The perpetrators in this example were thought to be search engine spiders (or ‘bots’) and/or RSS feeds.
Now bots may visit your website many times throughout the course of a single day, this could be the same bot of different bots (for different search engines). Also you may be in a situation where you have many people syndicating content from your site in the form of a feed (RSS/Atom etc).
The problem starts to appear if you use session and/or client management (sessionmanagement=“yes” or clientmanagement=“yes”) because these mechanisms don’t store cookies. So everytime one of these processes calls one of your pages a new session/client variable etc is created. Not so much of a problem, but what happens if you have increased traffic (more feeds, more bots) and suddenly you’re creating a LOT of unwanted variables in memory. Remember though that a new ‘session’ will be create on each page request!
But take that further, what happens if you have an onSessionStart() event which loads an object (or large amount of data) into memory? Or if you are doing database transactions? These are all needless in this example and taking up far too many resources.
So what do you do?
- Increase your ram. If you can do this, then ramp up your memory as high as you can. This is not a perfect solution but it saves throwing time at the problem and gives you a ‘buffer’ against problems of this sort.
- Set a robots.txt with a Crawl-delay setting. Mine is set to 1 second but you can set yours to something higher
- set a different cfapplication for the most common bots.
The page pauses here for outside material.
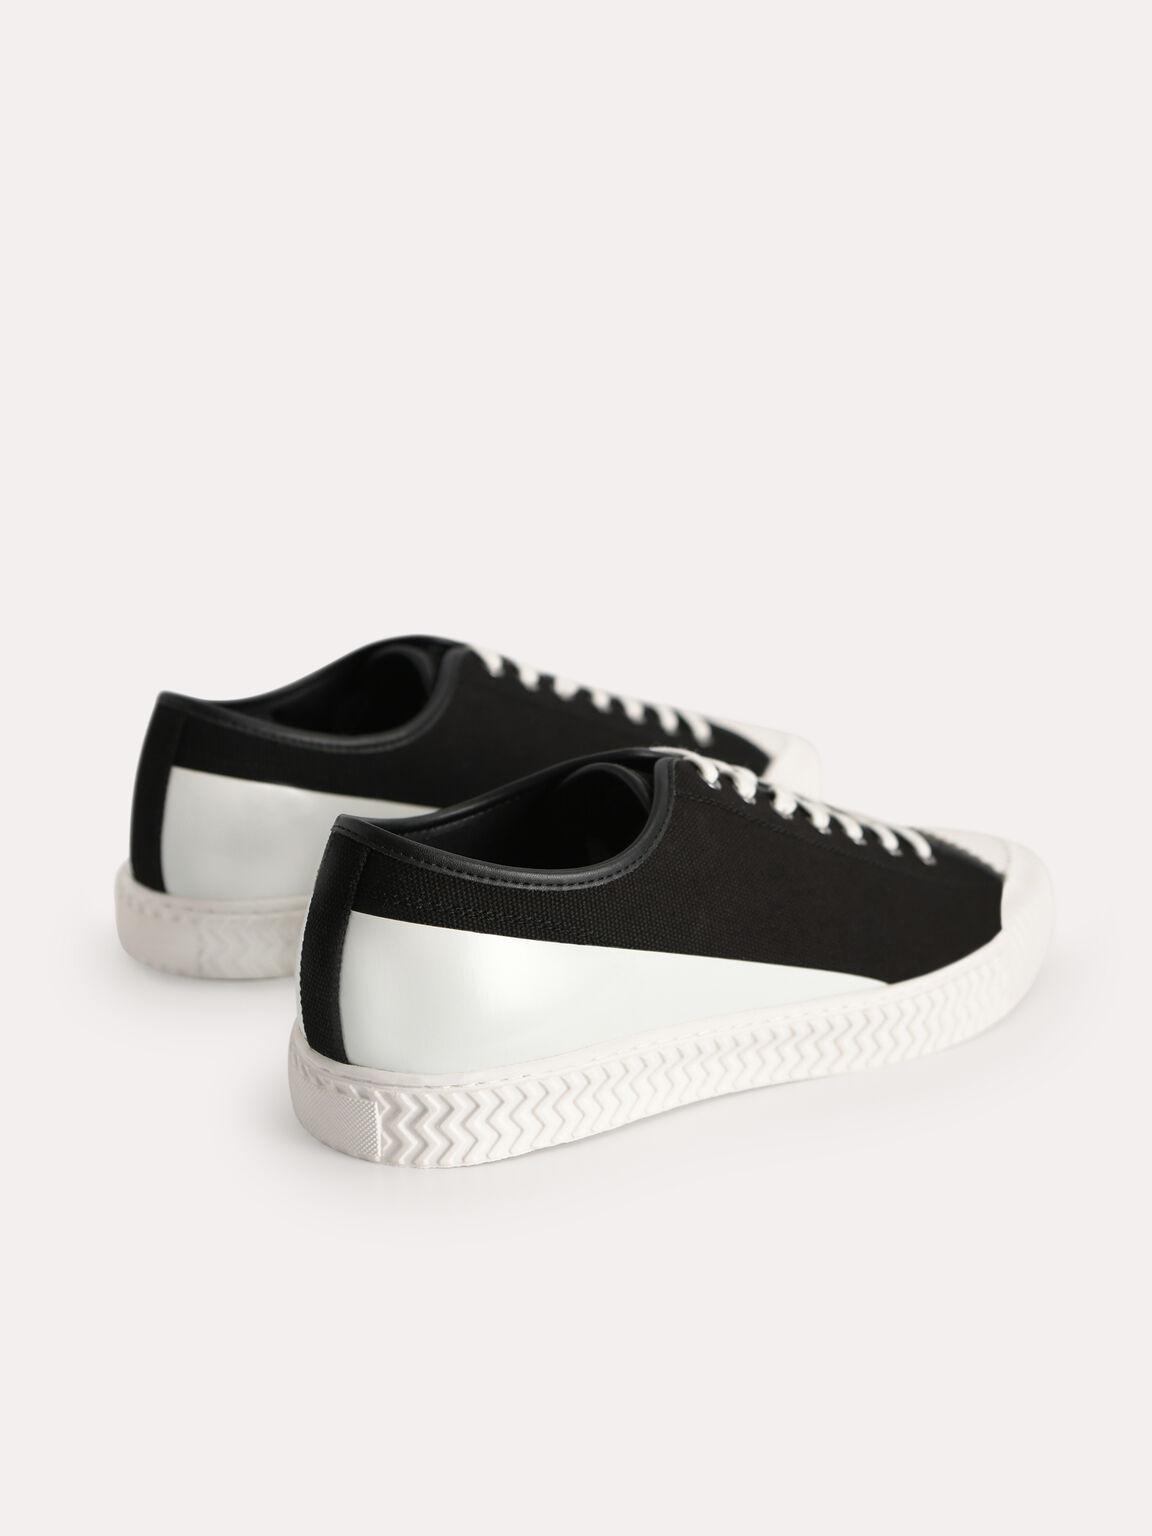 rePEDRO Organic Cotton Lace-up Sneaker, Black, hi-res

I use a simple regular expression to find key words that only exist in bots:
ruby <CFIF REFindNoCase('Slurp|Googlebot|BecomeBot|msnbot|Mediapartners-Google|ZyBorg|RufusBot|EMonitor', cgi.http_user_agent)> <CFAPPLICATION name="FusionA" clientmanagement="no" sessionmanagement="no" setclientcookies="no" setdomaincookies="no" clientstorage="Cookie"> <CFELSE> <CFAPPLICATION name="FusionA" clientmanagement="yes" sessionmanagement="no" setclientcookies="yes" setdomaincookies="no" clientstorage="Cookie"> </CFIF>
This will make sure that a client structure is NOT created for one of these bots.
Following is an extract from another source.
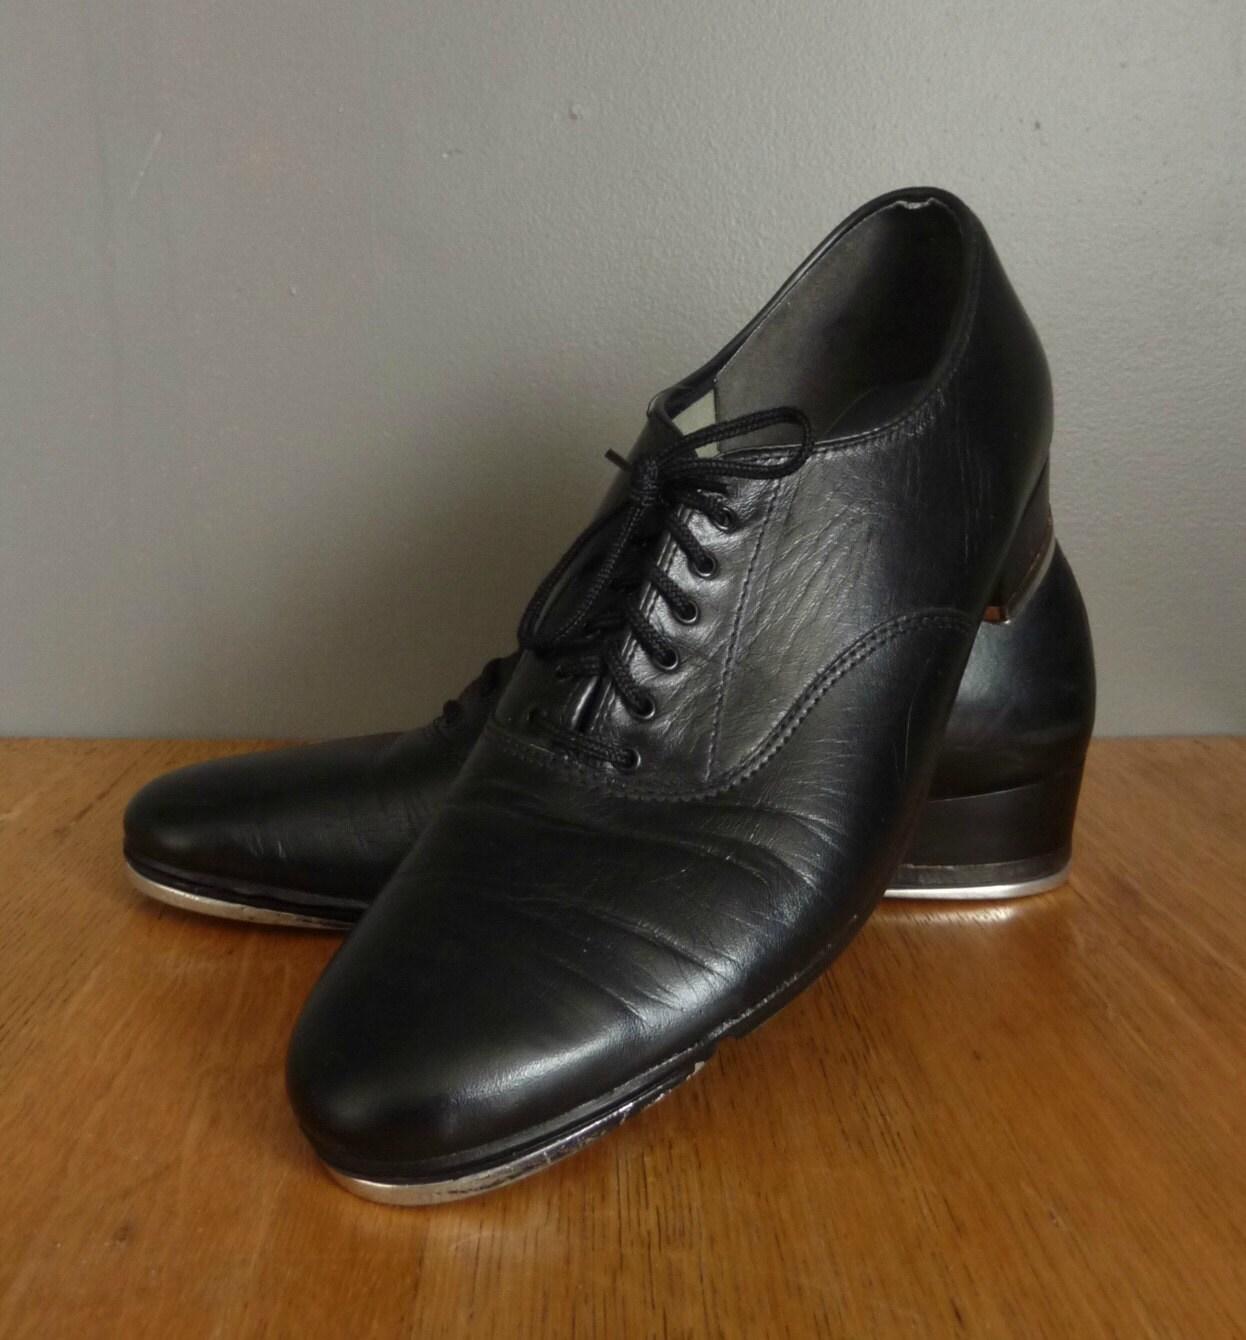 Vintage black capezio tap dancing shoes size women s 8 can you say

- Use the same regex to clean out the client structure after the bot finishes the page. Use structclear(client) to remove the data in the onRequestEnd.cfm, the onRequestEnd method of the application.cfc or in the template itself. Bottom line is that while bots are great for indexing your content, they can cause havoc on your system when a lot of memory is assigned to what is essentially a ‘dead session’.
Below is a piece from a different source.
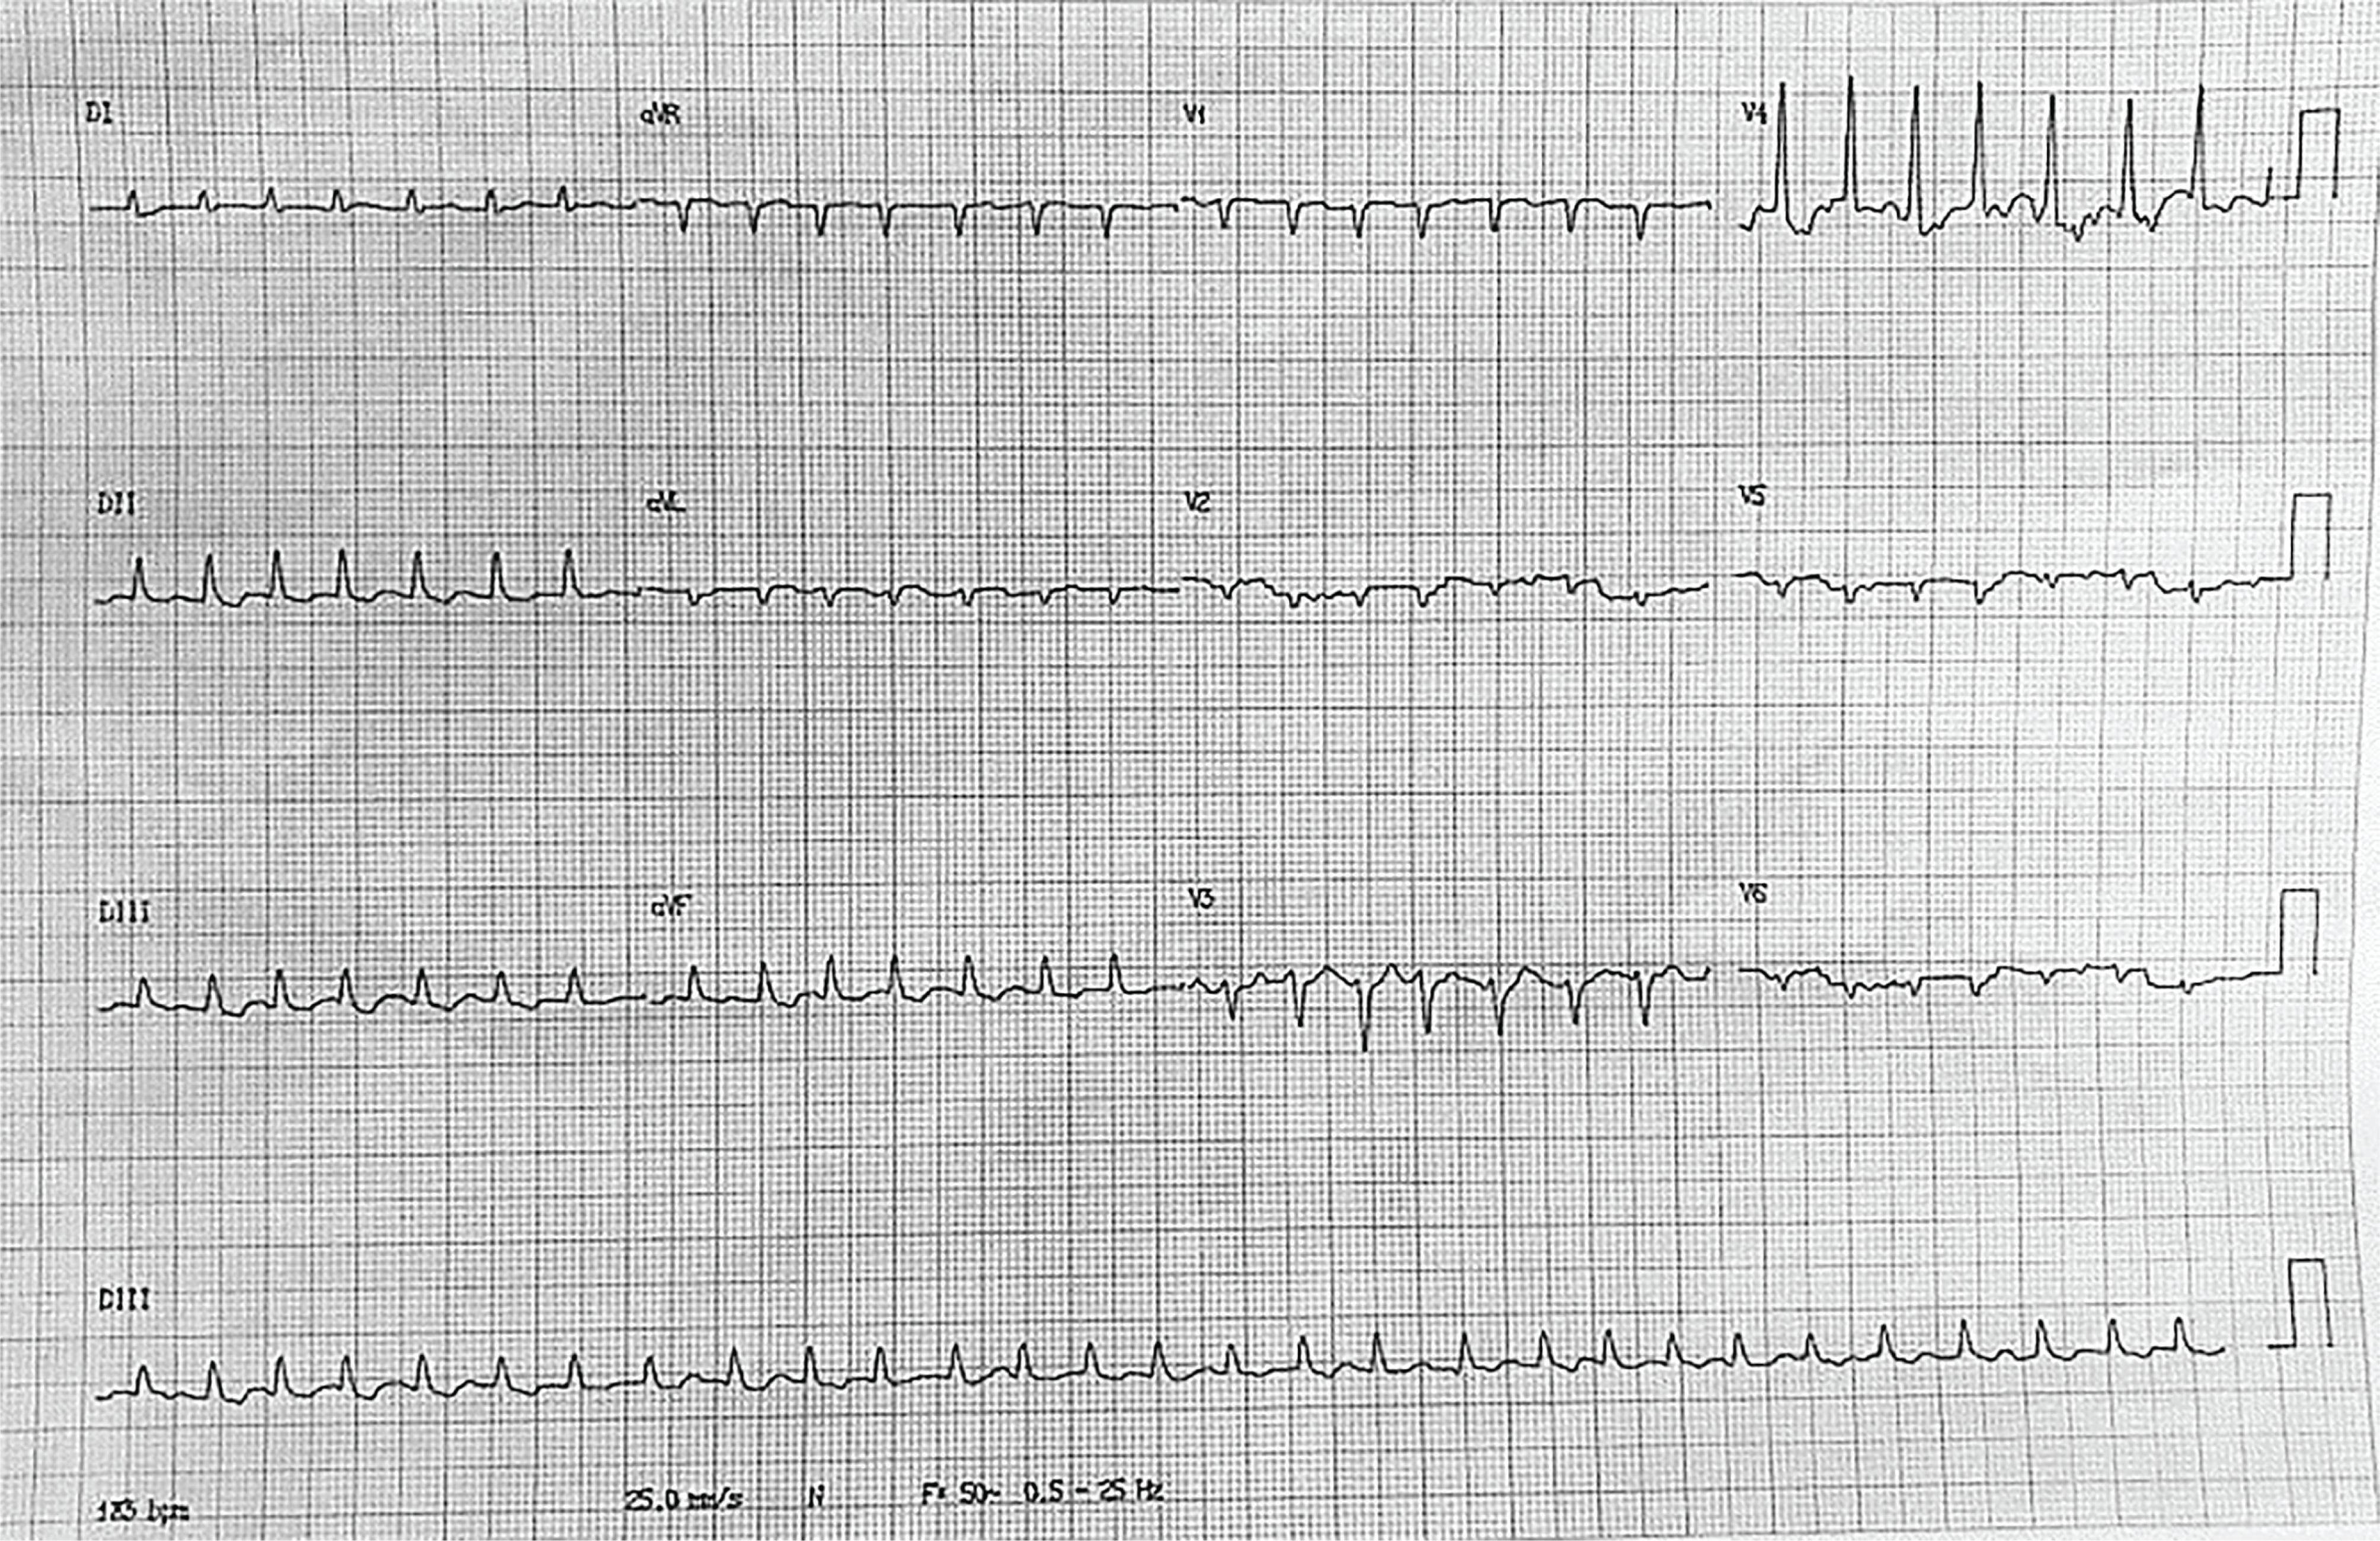 Atrial fibrillation present on the ECG.

All in all a fantastic read and a reminder to developers that a web sites development isn’t finished once it goes live. Post launch performance tuning and monitoring are essential to running an efficient and fast performing site.
It does seem a little ironic that the tools meant to assist us (in search rankings and content syndication) are a possible cause of poor site performance to the point that users might leave!
Note that Charlies article was inspired by Mark Kruger which I also suggest reading.